Pardon the use of quotations, but I am trying to make a point.
Numerous articles have been written, and debates engaged, about the question, “Are market researchers bad marketers?” It does strike one as odd—that a profession so driven to understand customer attitudes and behaviors, can’t seem to apply the discipline for its own marketing—and ultimately revenue-generating—benefit.
Is it just the case of the cobbler’s children having no shoes?
Well, I got a big clue earlier this month. I won’t name names, but I heard a researcher from a well-known firm talk about their, “new approach to market segmentation.” And about ten minutes in, I reached three conclusions.
- Yes, his company is doing some cool stuff to leverage social media research to gain insights about specific target markets
- But he was using the term “segmentation” incorrectly; his methodology is about profiling existing, known segments previously identified by his clients—not discovering the best ways to segment a market. What his firm is doing is profiling, or creating personas as some prefer, but it is not a “segmentation study.”
- And apparently his clients don’t care.
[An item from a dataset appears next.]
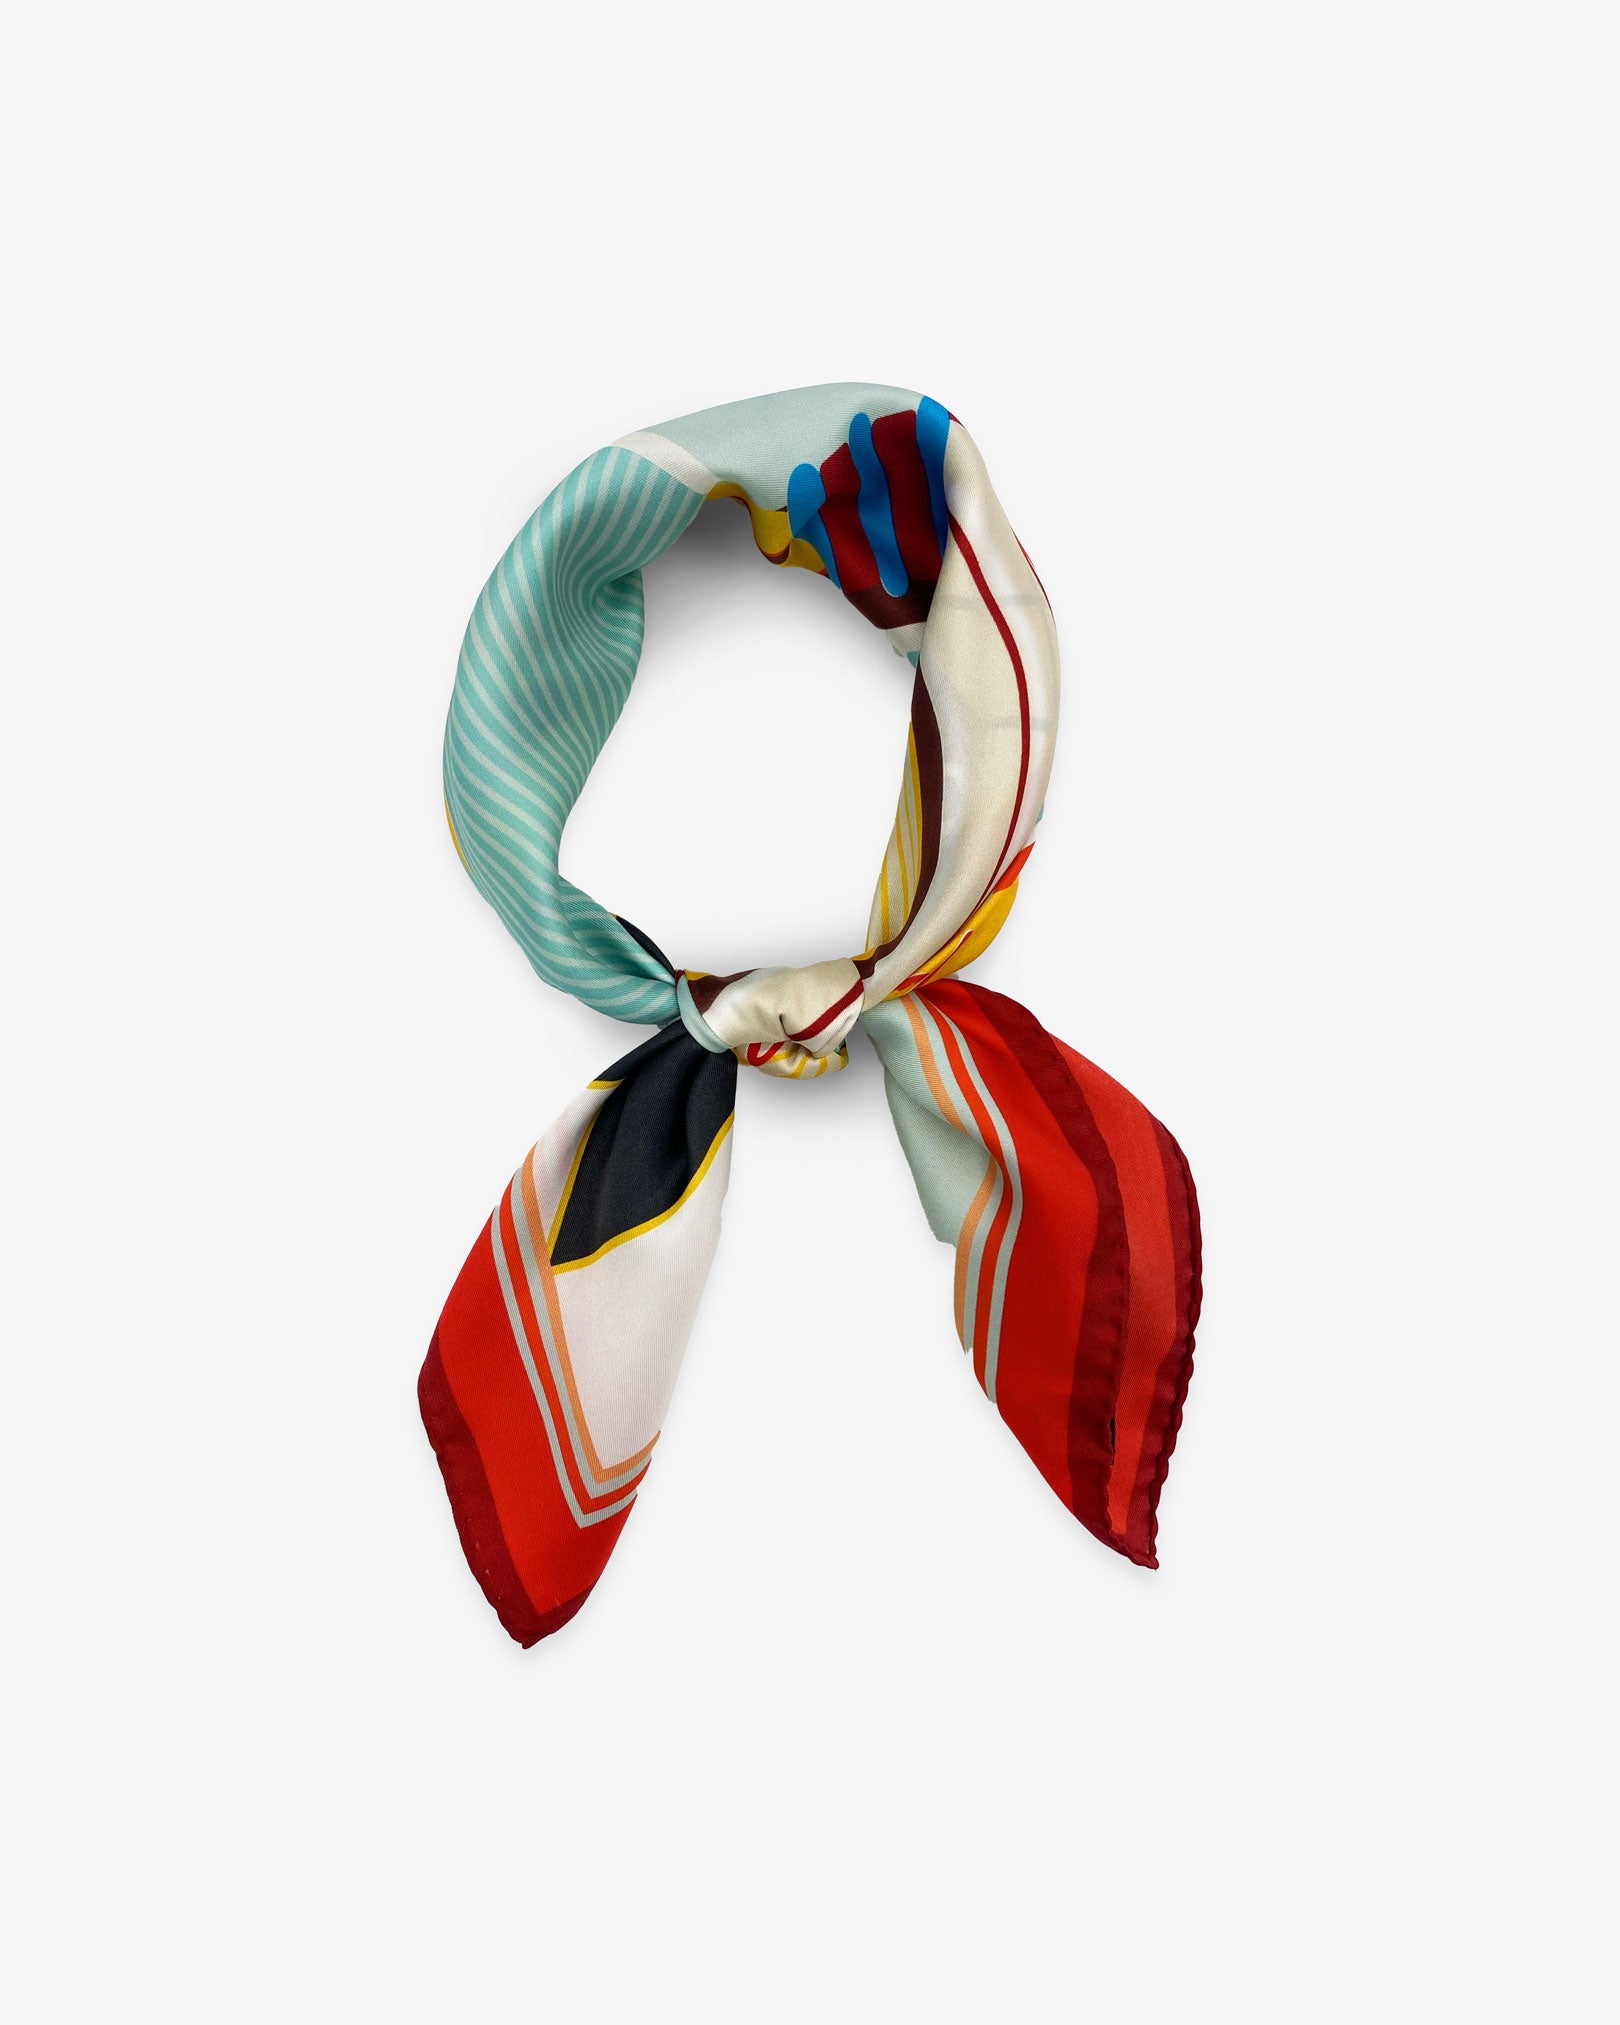 The 'Jukebox 2' silk pocket square from SOHO Scarves knotted and looped against a white background.

His firm is apparently doing very well selling segmentation studies that rely on “listening” to social media—not asking questions. And on profiling segments; not defining them.
I have to say, this speaker deserves major kudos for understanding his market segment; that there are a lot of marketing decision makers who want fast, social media-based profiling of their existing segments. This guy understands what his market wants, and he is giving it to them.
So what did this all teach me?
Often, making a complex thing really simple is what leads to marketing success. A classic example: for years AOL was the preferred email platform of choice for the average American consumer; we techie types cringed, but the masses loved it. And unfortunately, the masses don’t always appreciate the brilliance of more complex products—or in our case, of more rigorous market research. Calling a profiling study “market segmentation” may make researchers cringe, but to a lot of people who buy market research, it may be just fine.